Alternative facts are the lowest form of lying, because they are deliberate, they are strategic, and they are gratuitous.  The investigation of voter fraud will sow just enough doubt to keep citizens suspicious of future fraud.  And the President may walk back his claims of millions of fraudulent votes to a few thousand or claim he never made such a bold declaration in order to narrow the distance between alternative facts and known facts.  Because these lies are merely a negotiation with the truth.

In 1918 US Senator Hiram Warren Johnson is purported to have said: The first casualty when war comes is truth. No doubt this will be the legacy of the Trump administration. This deal-making with the truth very much simulates the false weights in the balance pan, the ones that make the product appear more substantial and more valuable than it really is.  It is deliberate, strategic and gratuitous. It is more than self-protective, more than expedient policy, it is more than a defensive posture. It is a diabolical scheme.

Like his Babylonian predecessor, President Trump will have his kingdom ripped from him, not for his contempt for global warming or his campaign against refugees, but for reckless manipulation of truth. The lies and the damned lies are part of the business of politics, but the frontal assault on vulnerable truth will eventually disqualify him, and his kingdom will be given to an administration that admits a little more fear of God.

Liar! Liar!

I really like UN representative Samantha Power for standing before the Security Council and calling Vladimir Putin what he is. A Liar! Not a revisionist or an apologist or a publicist. A Liar! In her words,

Russia has come before this Council to say everything but the truth. It has manipulated. It has obfuscated. It has outright lied. So we have learned to measure Russia by its actions not by its words. In the last 48 hours Russia’s actions have spoken volumes. (New York Times, August 29, 2014)

Having grown up in the throes of the Cold War, when Soviet leaders were lying only when their mouths were moving, I have a little pent-up resentment about falsehoods going unchallenged from our side of the Atlantic. The UN was the site of some whoppers, and the home country was not direct in challenging what was plainly contradicted by facts.  We questioned, we disagreed and we objected, but the “L-word” was used sparingly. You don’t call someone a liar without conviction.

Because “a lie is a false statement with deliberate intent to deceive” (Random House). A lie is not inadvertent or erroneous. It is calculated. So you aren’t equivocating when you call someone “a liar.”  At the same time you are clearing the air of disinformation by flatly contradicting what lingers as a manipulation of the truth. So the accusation of “liar” is needed to set the record straight.

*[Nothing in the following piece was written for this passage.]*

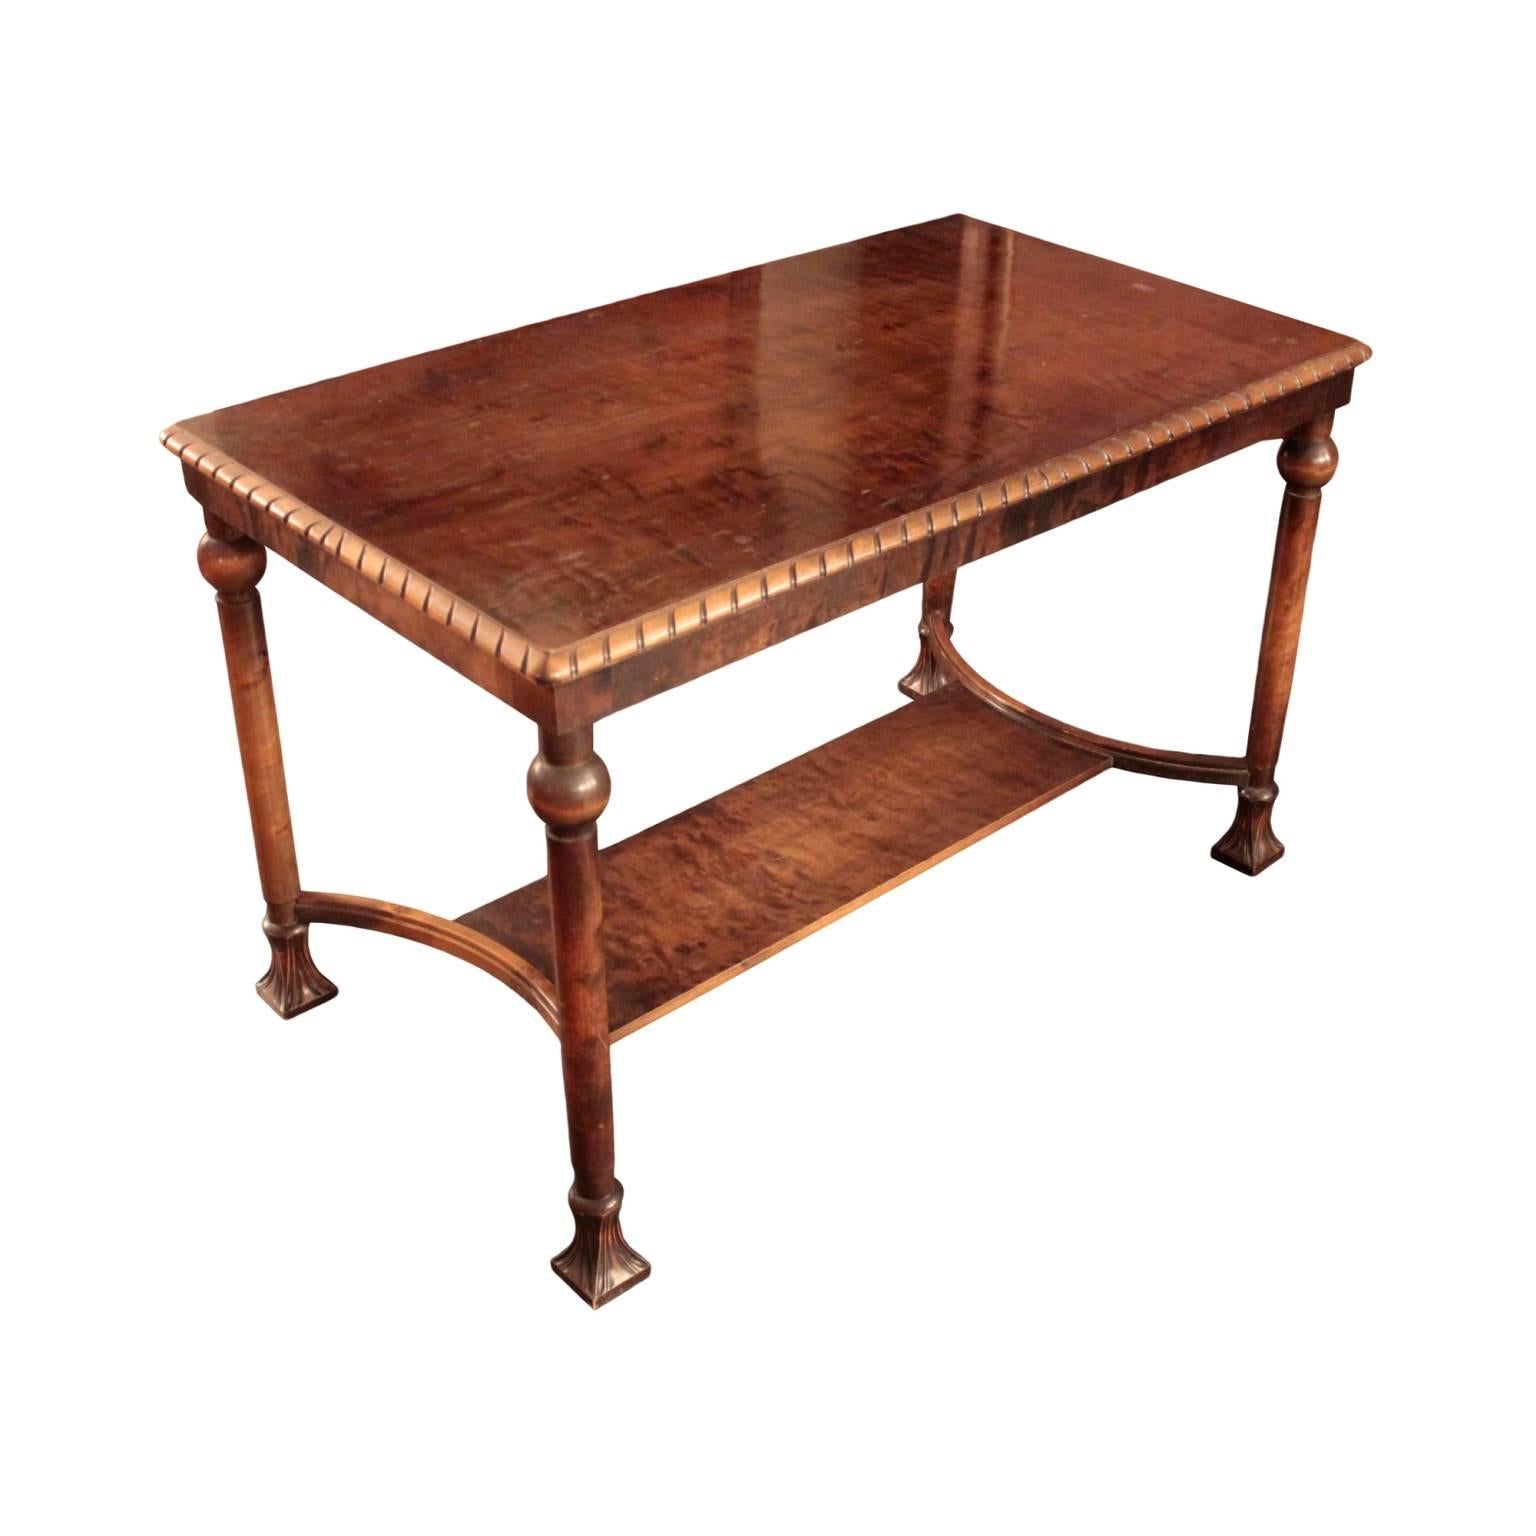 Full professional restoration is included in the price, please allow 2 weeks. 

Elegant tall cocktail table featuring rectangular top with dentil edge molding raised on four colonette legs with sphere capitals and channelled plinth feet joined by

Unlike many other names you can call somebody, this one is productive, because it changes how we see events. There is no residual question of whether Russia is really “peacekeeping” when it sends armored personnel carriers into the Ukraine.  And no question about whether there are good intentions behind providing sophisticated weapons to the separatists in the east. It is military aggression pushing toward war.

So if “Liar!” is accusatory, so be it. Better that than to allow the lie to stand and undermine the facts. No better place to go on record than the United Nations for all the world to hear. If you buy this fellow’s whoppers, then I have some PAC’s on our native soil you can support.

Well done, Ambassador Powers! I wish you had been here in the 1960’s. In those days we called it “propaganda.”